Dan didn't hesitate, maybe he had been thinking of what he would do all along. He turned the television sound down completely, walked deliberately over to what qualified as our sound system, which was a thirty-five dollar boom-box, and started playing whatever cassette was in there. It happened to be Led Zeppelin's "When the Levee Breaks" and he started dancing to the music. I don't know if he knew that was the song on deck, and it wasn't all that easy a tune to dance to, but it had a big driving beat and he outdid himself bobbing his cock around and wagging it to the music.

We are all laughing to beat the band at this stage, and so we ended up with a room full of now half-naked college seniors with serious, erect cocks waving and bobbing, those defiant aroused appendages synchronized to a heavy rock beat. Gary is smiling big time, Rod is hollering and even Dan looks pleased. The vision of that Led Zeppelin-inspired three minutes of dancing cocks will never leave me, what made me think of this story to begin with.

So we turn off the music when it's over and stand there looking at each other. Everyone still has a shirt on, we are basically bottomless with no clothing on below our waists, just a holy phalanx of now serious erections.

Gary's cock is pointing pretty much straight up, even given his heavy, swollen-looking cock-head. Dan's prick-tip is poking free from his foreskin, his cock extending perpendicular from the thin, blond hairs that surrounded his crotch. Rod's cock is medium-size, with an angry-looking reddish head, standing straight out from his heavy-duty groin thicket.

I cannot reconstruct perfectly how the next transition went, recalling only Gary's oratory, his call to Brotherhood, the phrases "all for one, one for all" and "do unto others as you would have them do unto you" and "solidarity" (then a popular word in the news as the motto and name of the recently formed worker's union in Poland) which we all laughed at, looking at our own entirely solid erections.
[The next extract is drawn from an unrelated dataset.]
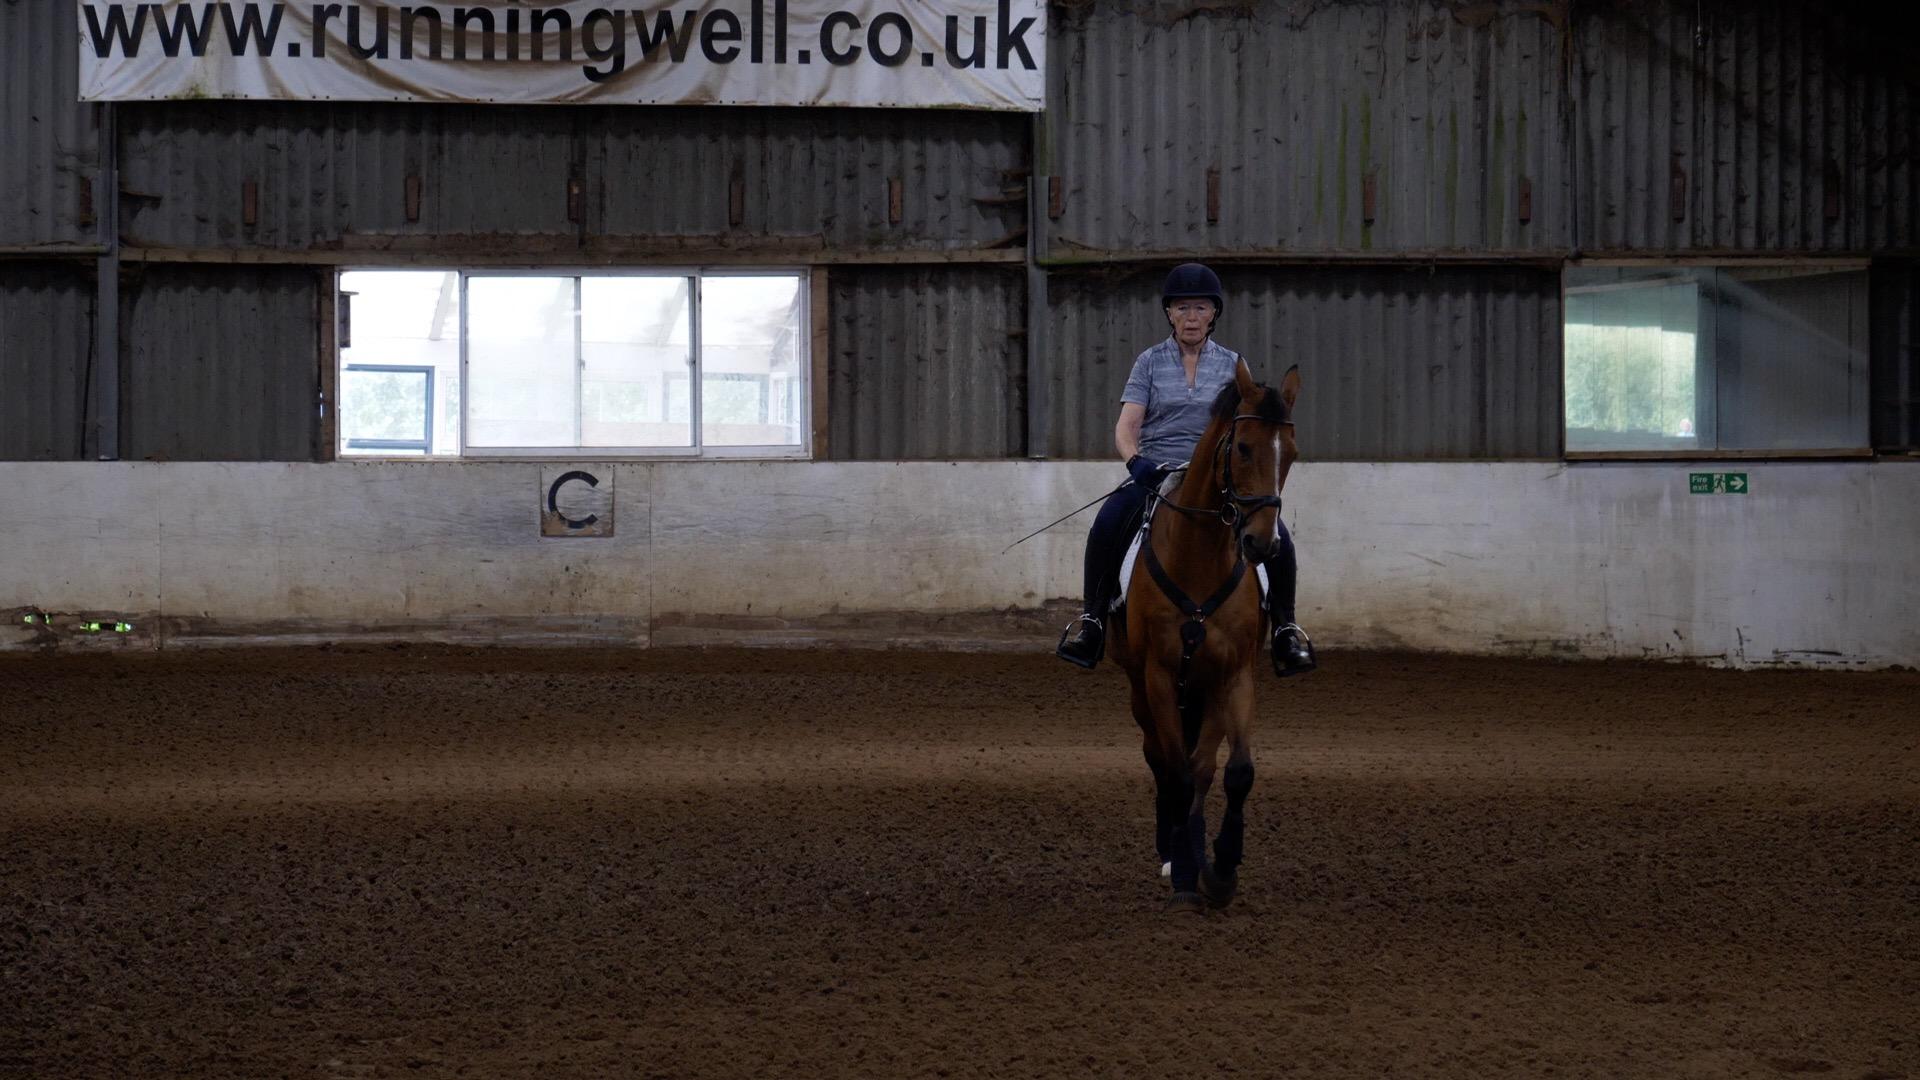 Runningwell Equestrian Centre Video.jpg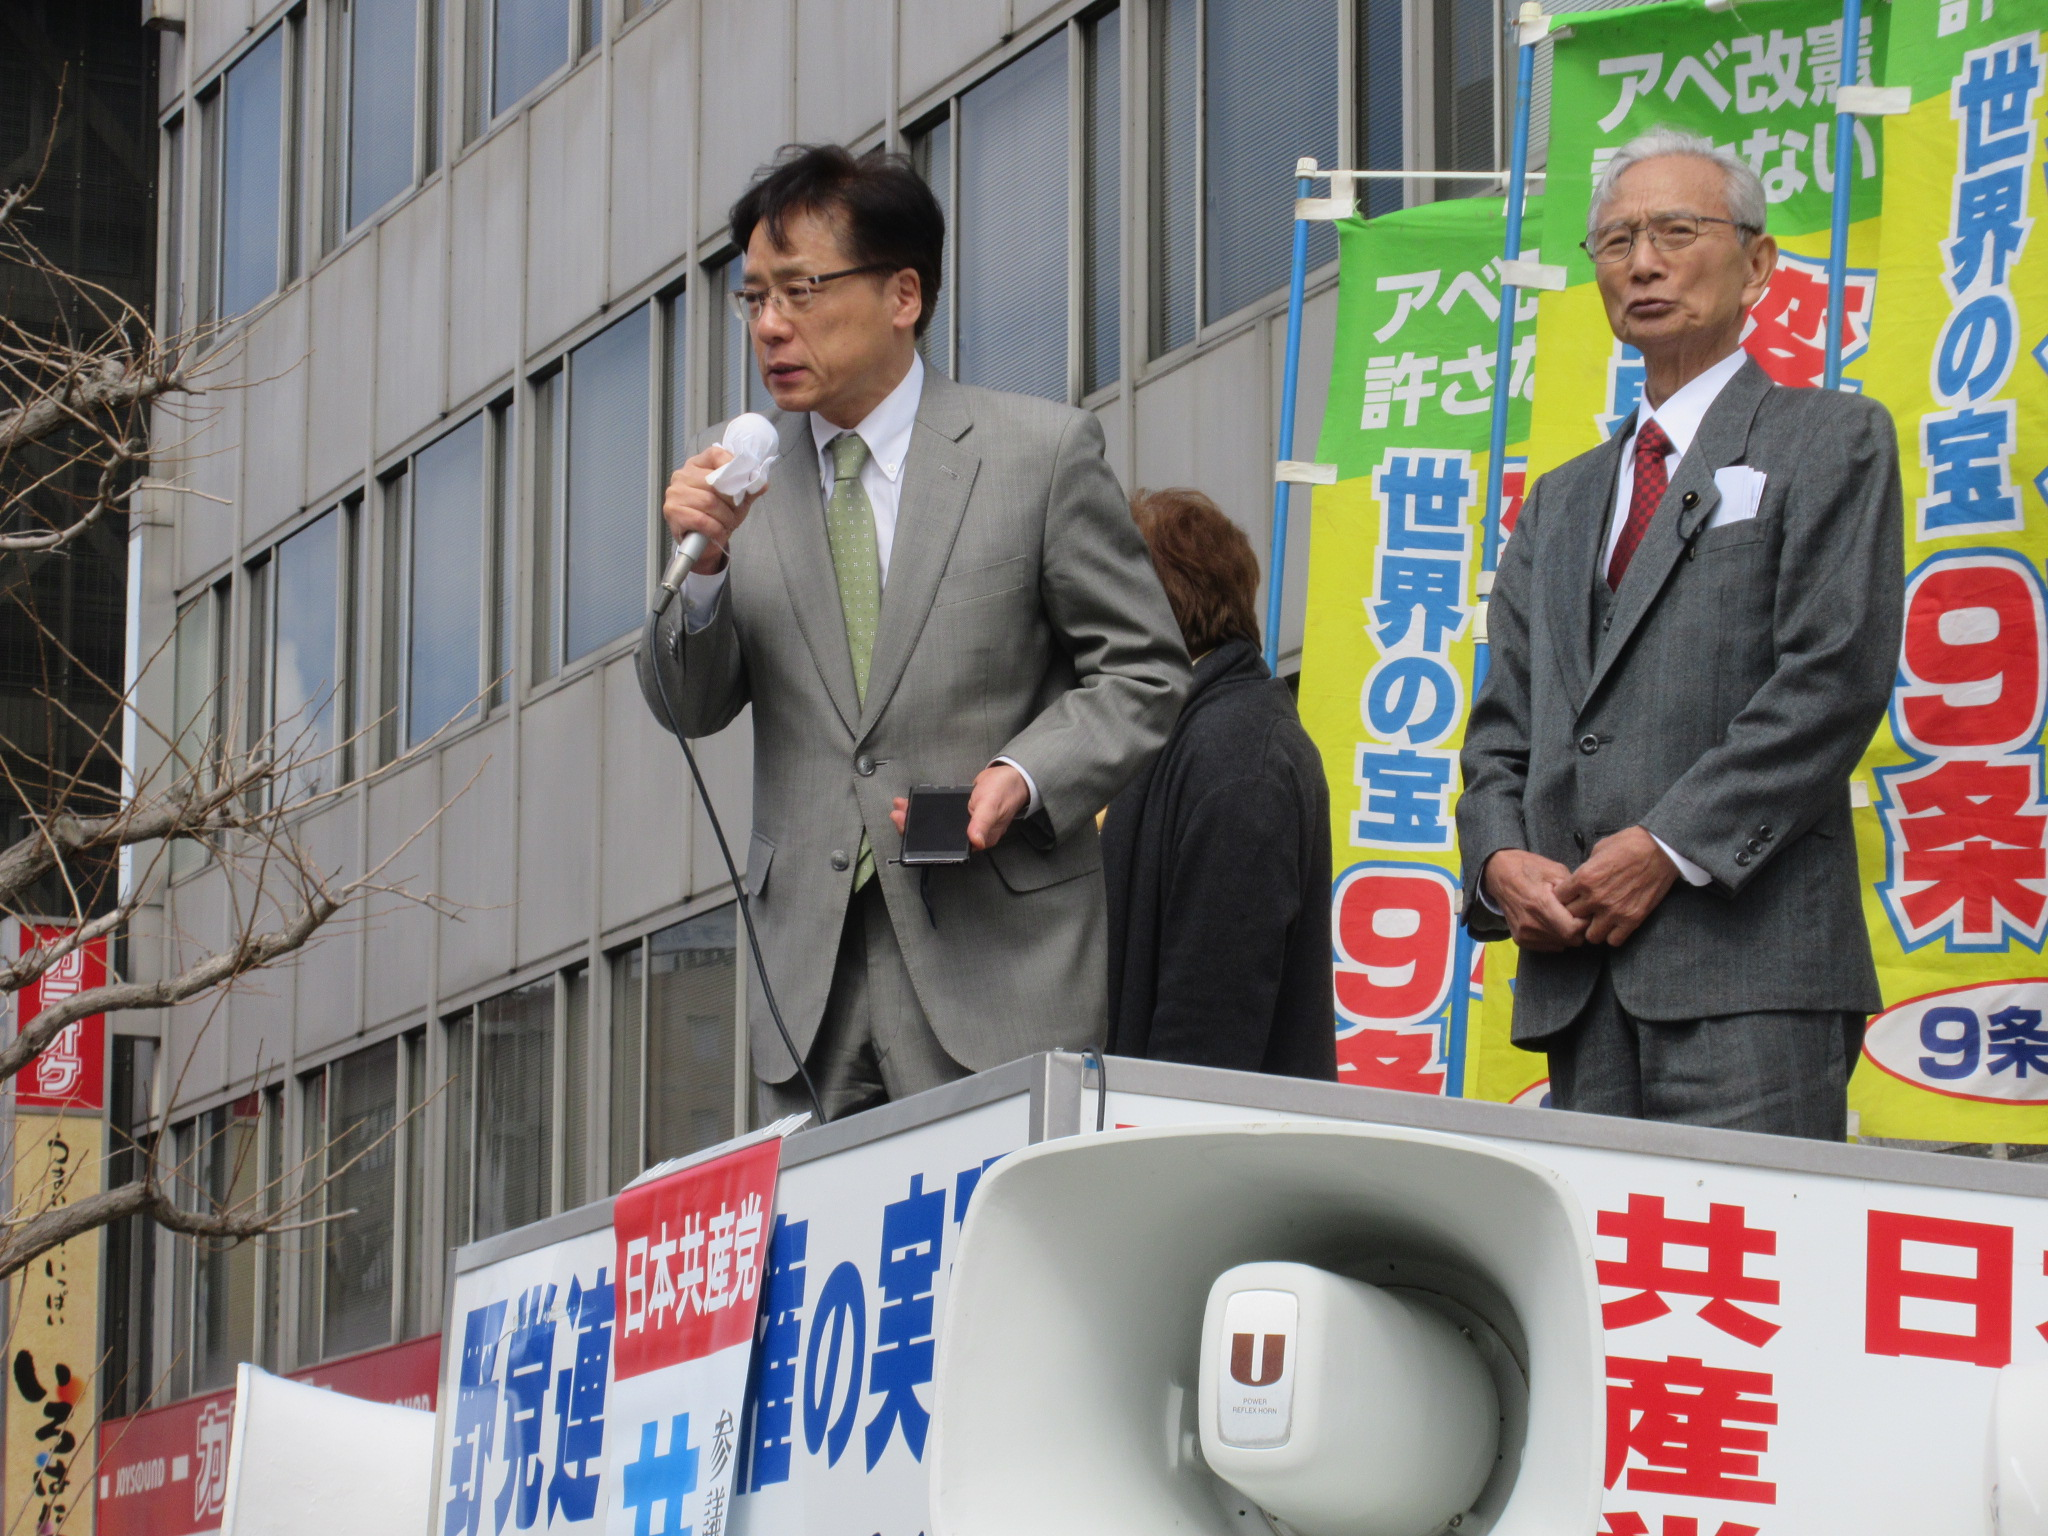 http://www.inoue-satoshi.com/diary/IMG_3765.JPG

I wasn't sure how all these pent-up "problems" were going to be handled, although it was clear that something needed to happen somehow, but I detected some resistance to a group effort, I suppose not surprisingly. No one objected explicitly to this, but the trend ended up going towards separate interactions for the grand fraternity.

We drew lots to pair off with a "brother of the Phallus."

I had already done Dan, and between Gary and Rod I would have preferred Gary, just for size reasons, and got lucky enough with the drawing.

Rod and Dan retired to Dan's room, site of his earlier pleasure on my part, and I was happy enough to follow Gary to his room.

I will tell you up front that I am not now, nor have I ever been, a good negotiator, almost always willing to make life easy by going along with someone else's lead. This has proved later immensely valuable in marriage, and all sorts of business relations, sometimes to my detriment in the short-run, rarely the long.